Since I kind of grew up with the conviction that my misery didn't matter, a conviction that I've never been able to really shake, I have a different way of answering this:
I have two children. (Okay, they're in their 20's, but only chronologically.) What do they need? Some miserable, depressed parent who is likely to die soon because he can't look forward to anything except being dead? A parent who preaches honesty but is all too obviously living a lie?
The claim that you're harming your children by transitioning is, pardon my French, BS. Your kids may not like it, but then, they probably don't like having to go to school or cleaning up their room, either. In the long run, though, they need an honest parent, one who can give of their entire self, rather than a fraud. (And what kind of example does that set them, if you and your wife in effect run away when faced with something tough?)
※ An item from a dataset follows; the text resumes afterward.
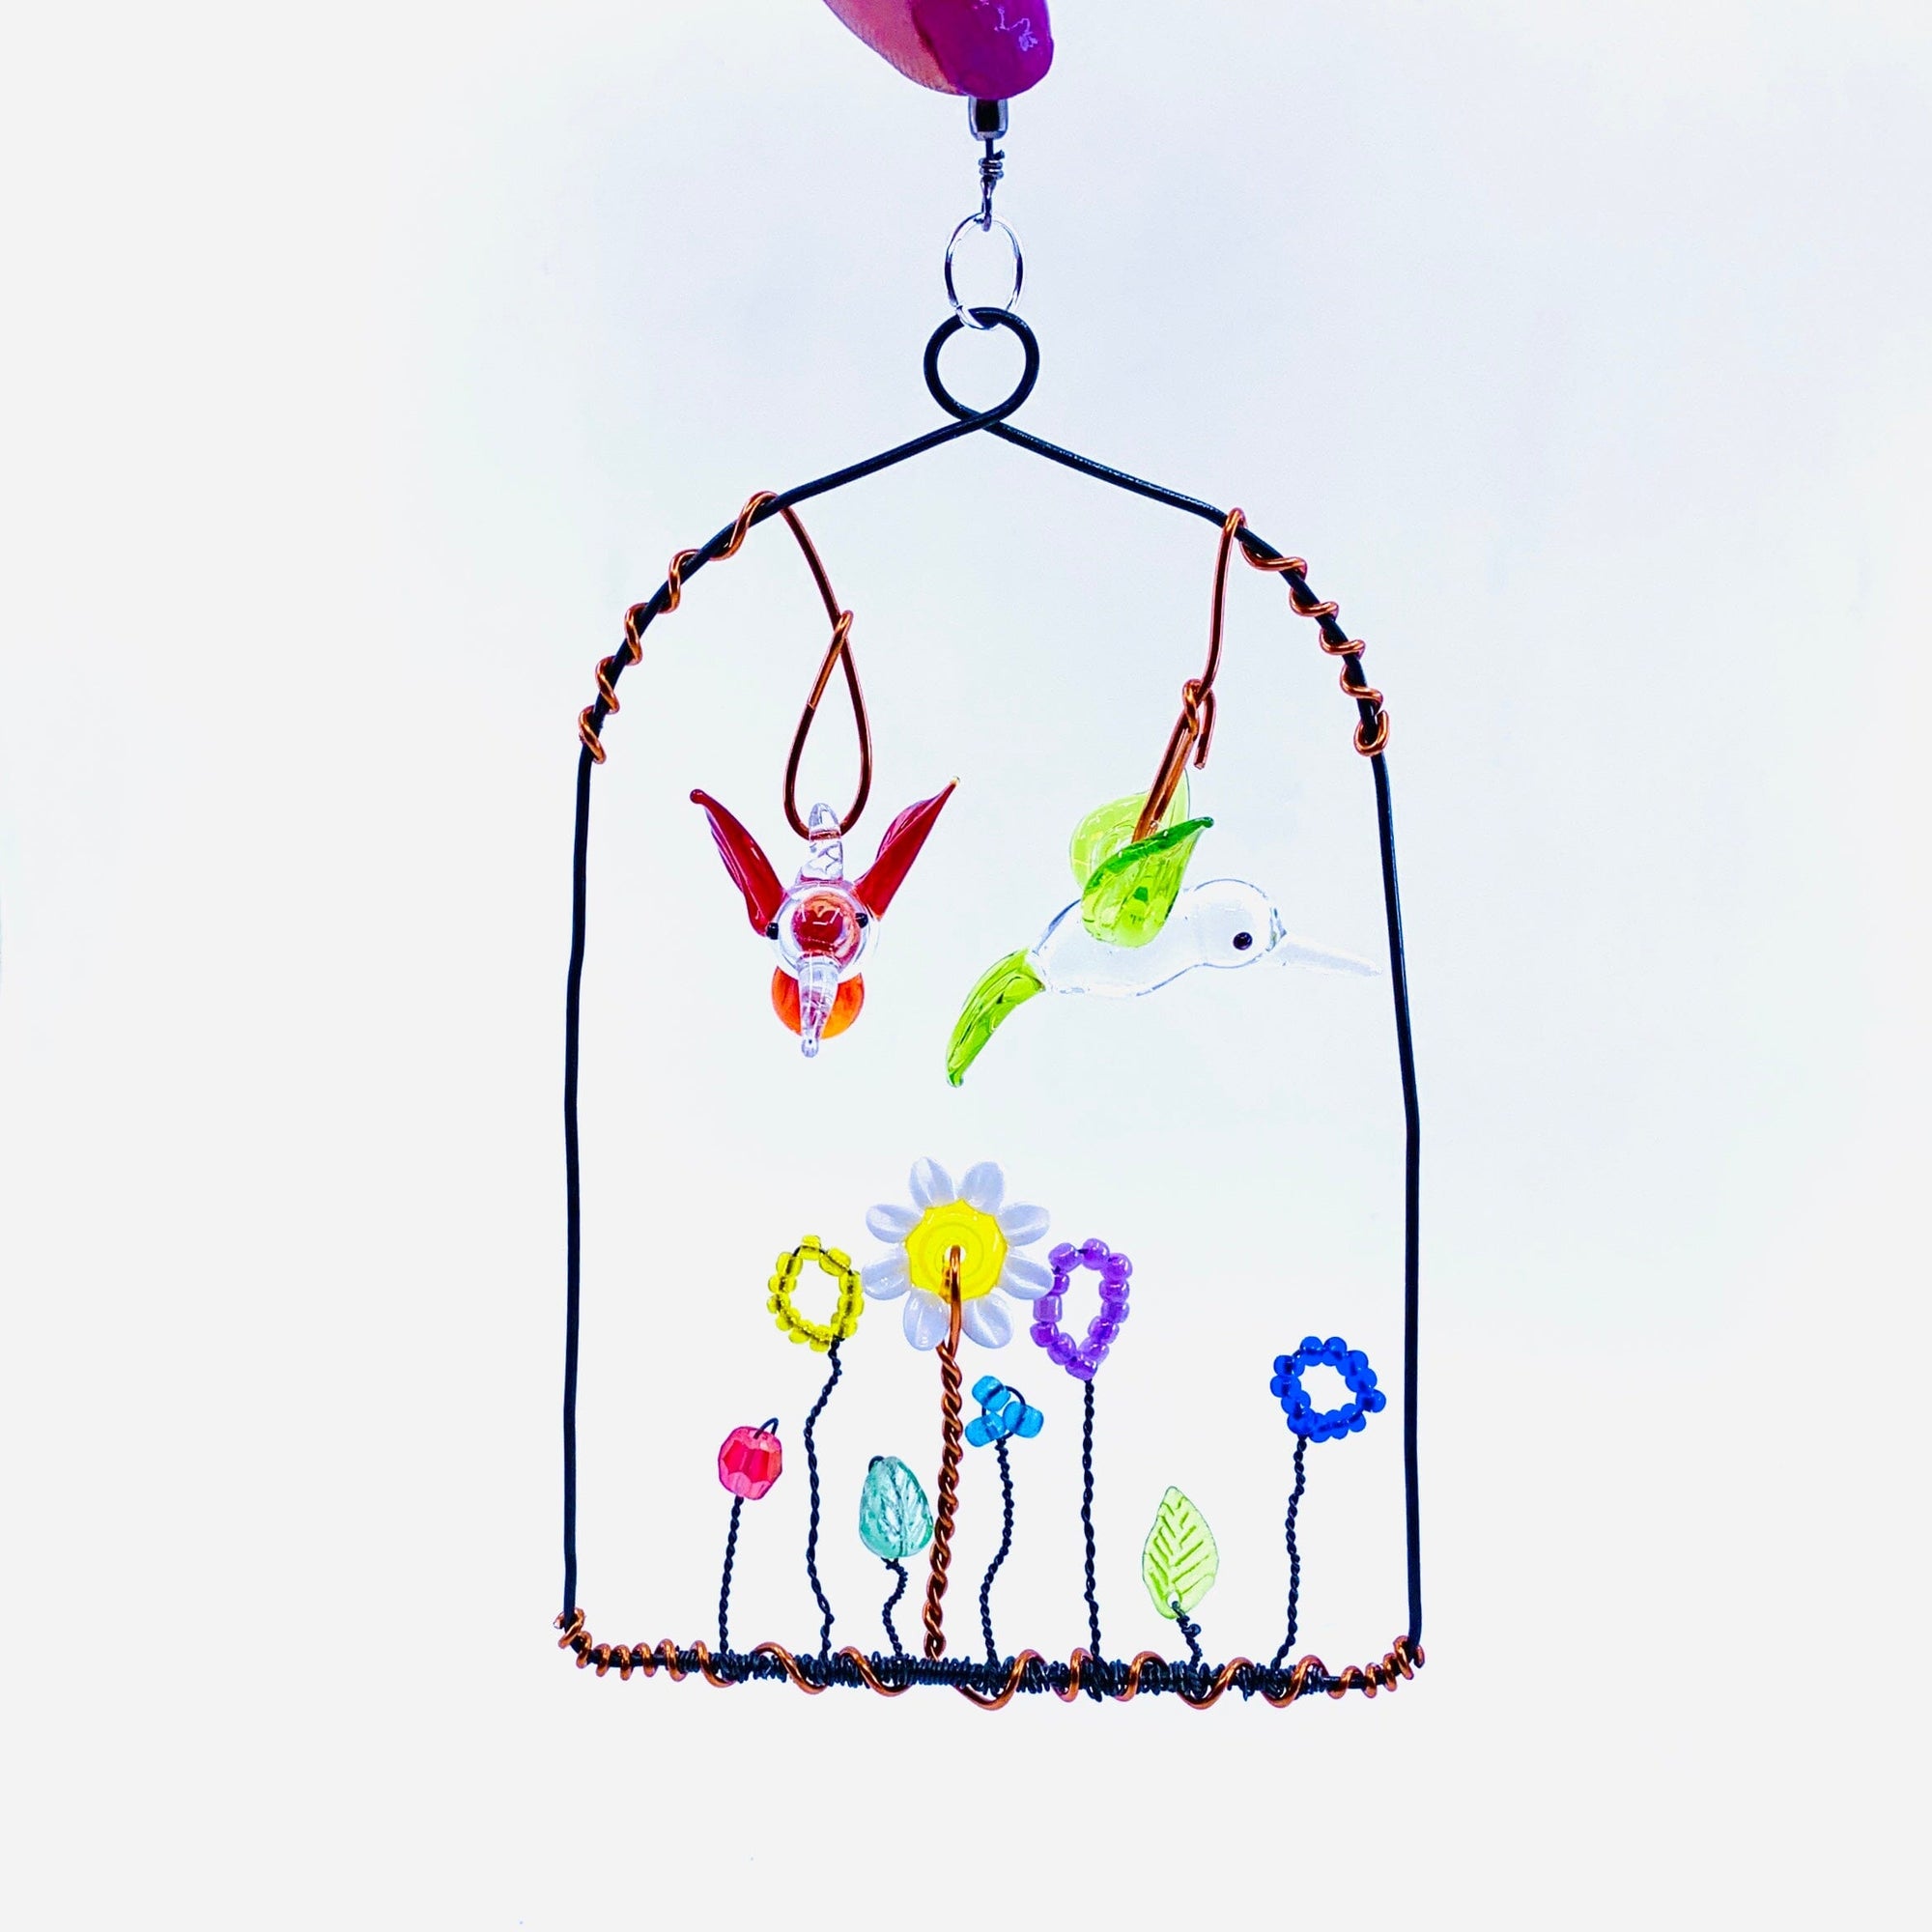 Glass Humming Birds in Wired Flower Garden, 1 Decor Whimsical Wire and Glass

And that's the point. People who insist you should deny your TG nature are asking you to participate in a lie, a mutual lie to spare them a momentary bit of inconvenience. It's like painting over dry rot -- in the long run, the lie will spread and ruin everything until the whole structure collapses. Better in the long run to dig out and remove the dry rot (the lie) as soon as you see it.
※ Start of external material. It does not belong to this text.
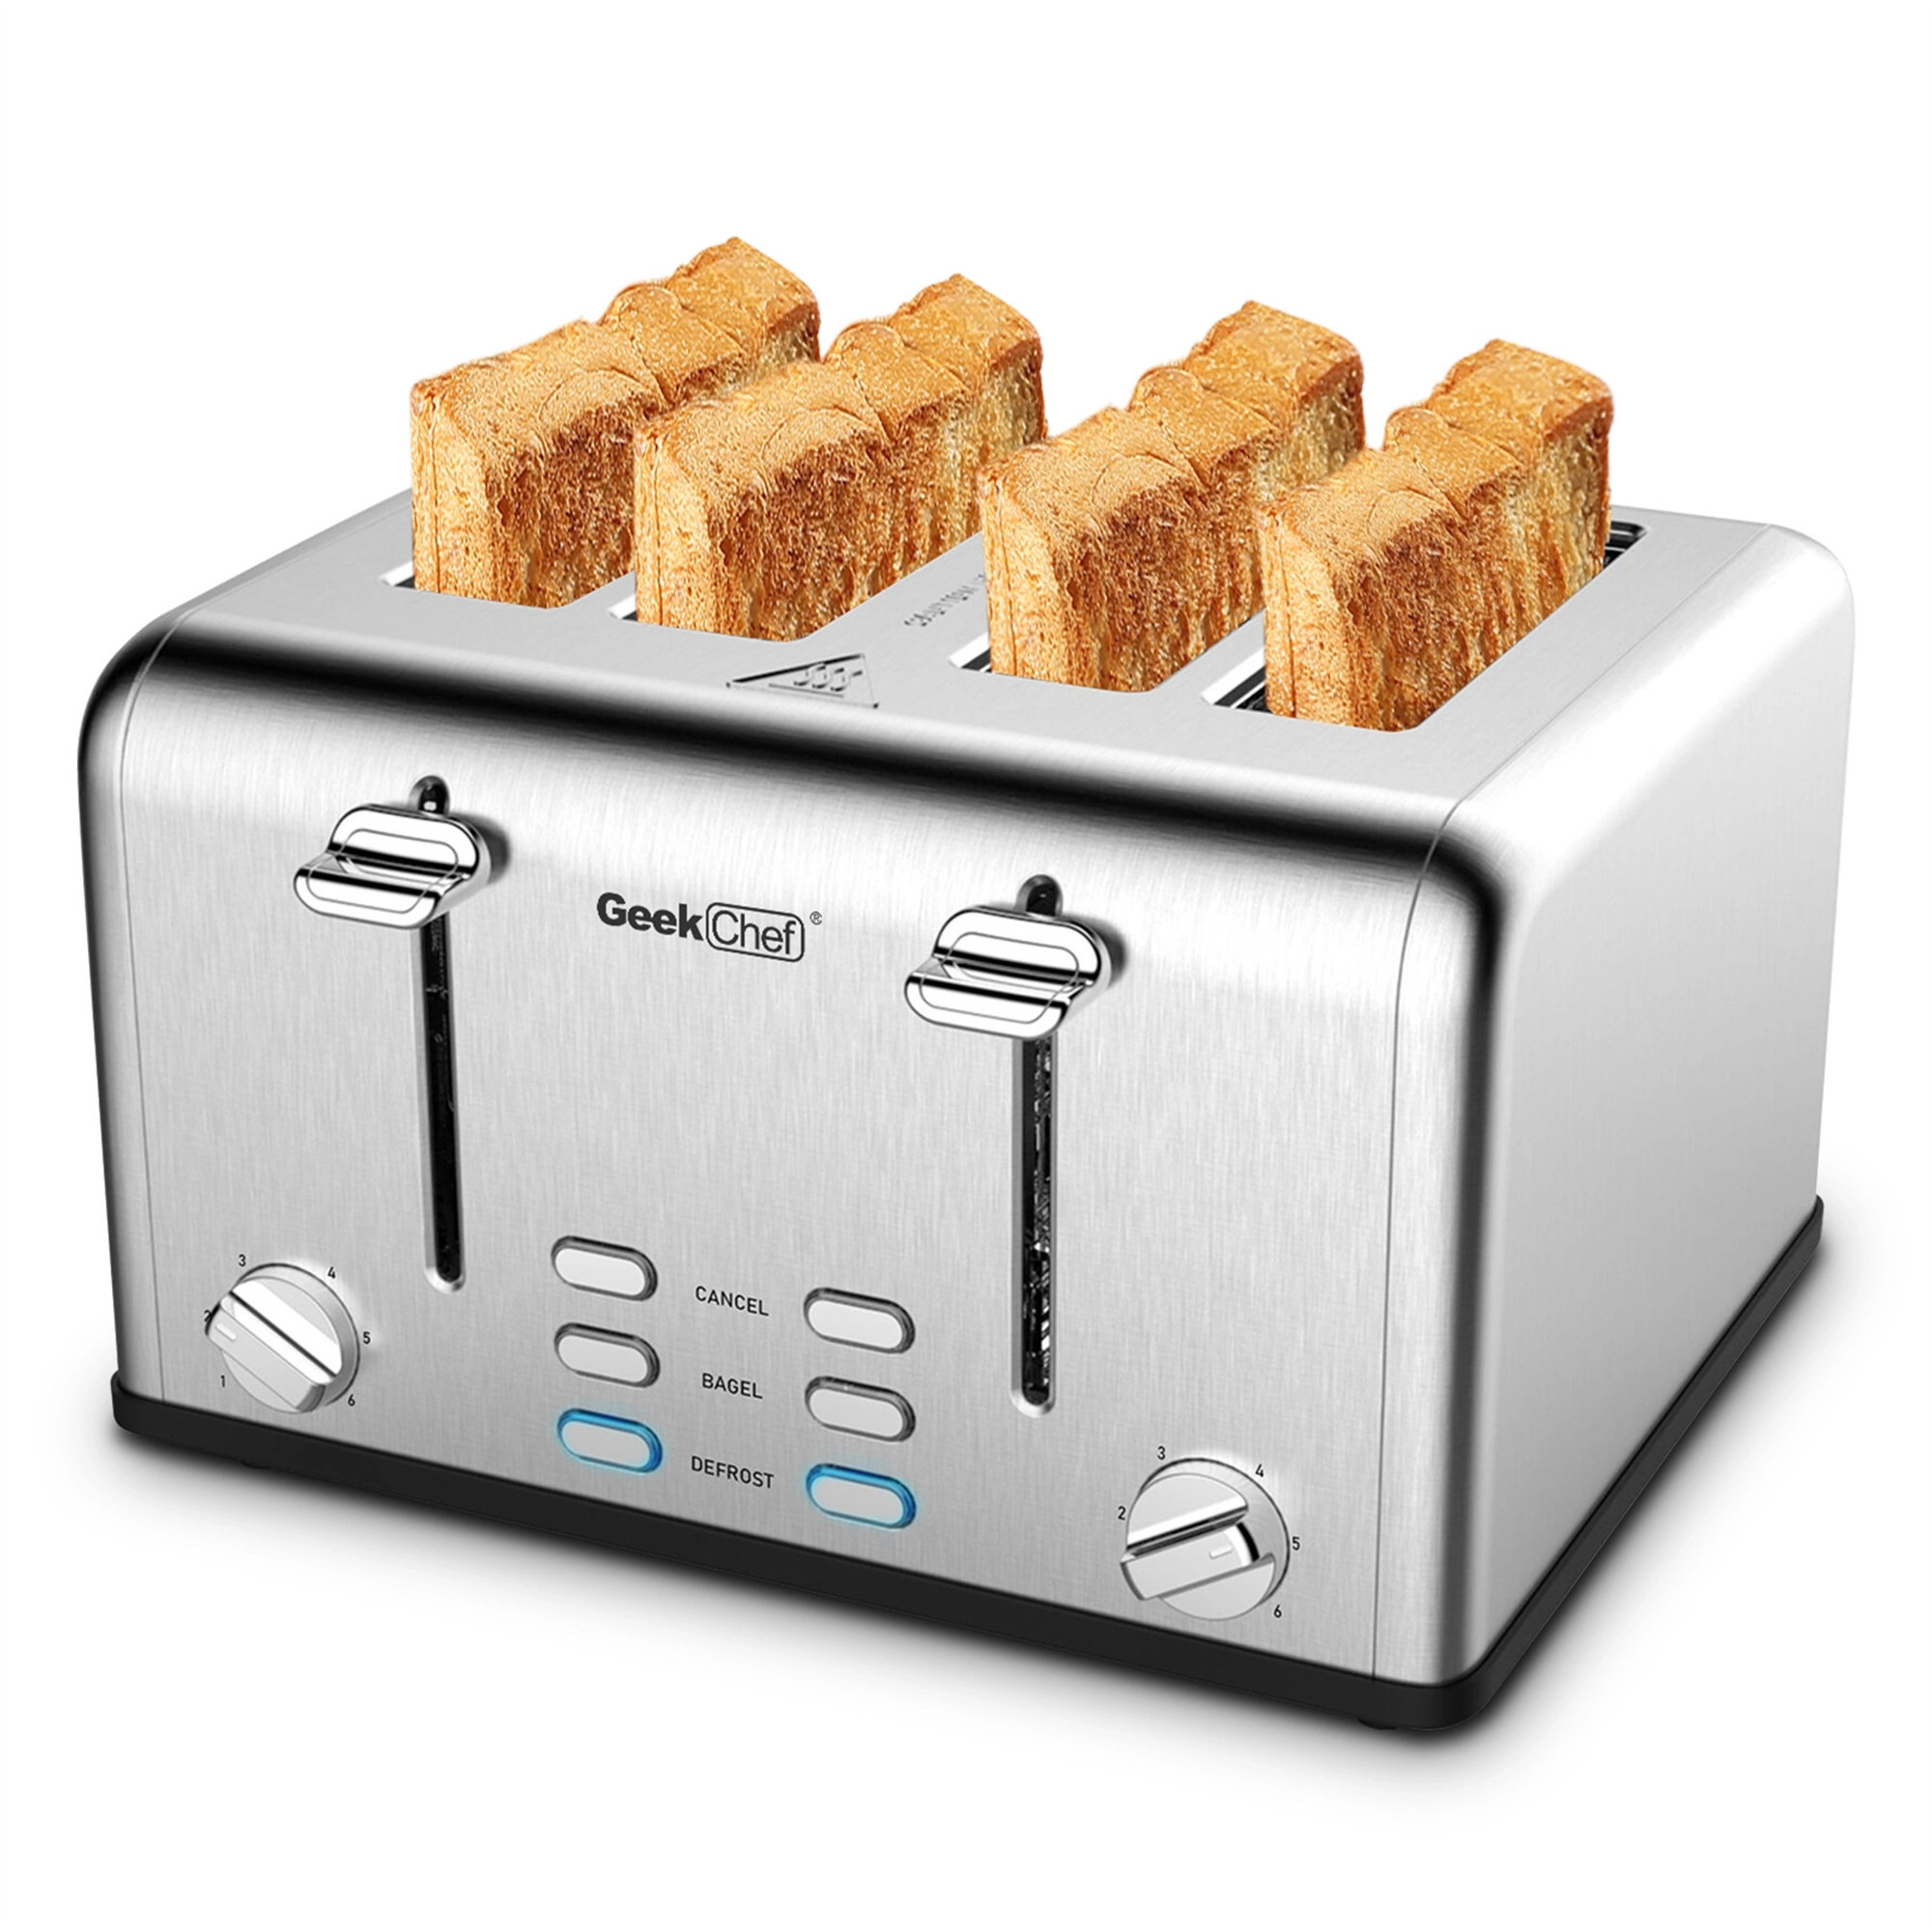 4 Slice Toaster, 4 Extra Wide Slots, Best Rated Prime Retro Bagel Toaster with 6 Bread Shade Settings, Defrost,bagel,cancel Function, Removable Crumb

I mean, if you'd broken your leg, going on walking around on it would, in the (very!) short run, spare the people around you some hassle, but of course in the long run, it would be a whole lot worse for everyone.
I understand the desire to deny it. If you break your leg, usually the first thought is like, no, this isn't happening, can't I pretend it's just a bad bruise? But you have to address it, and address it promptly, to avoid much bigger problems down the road.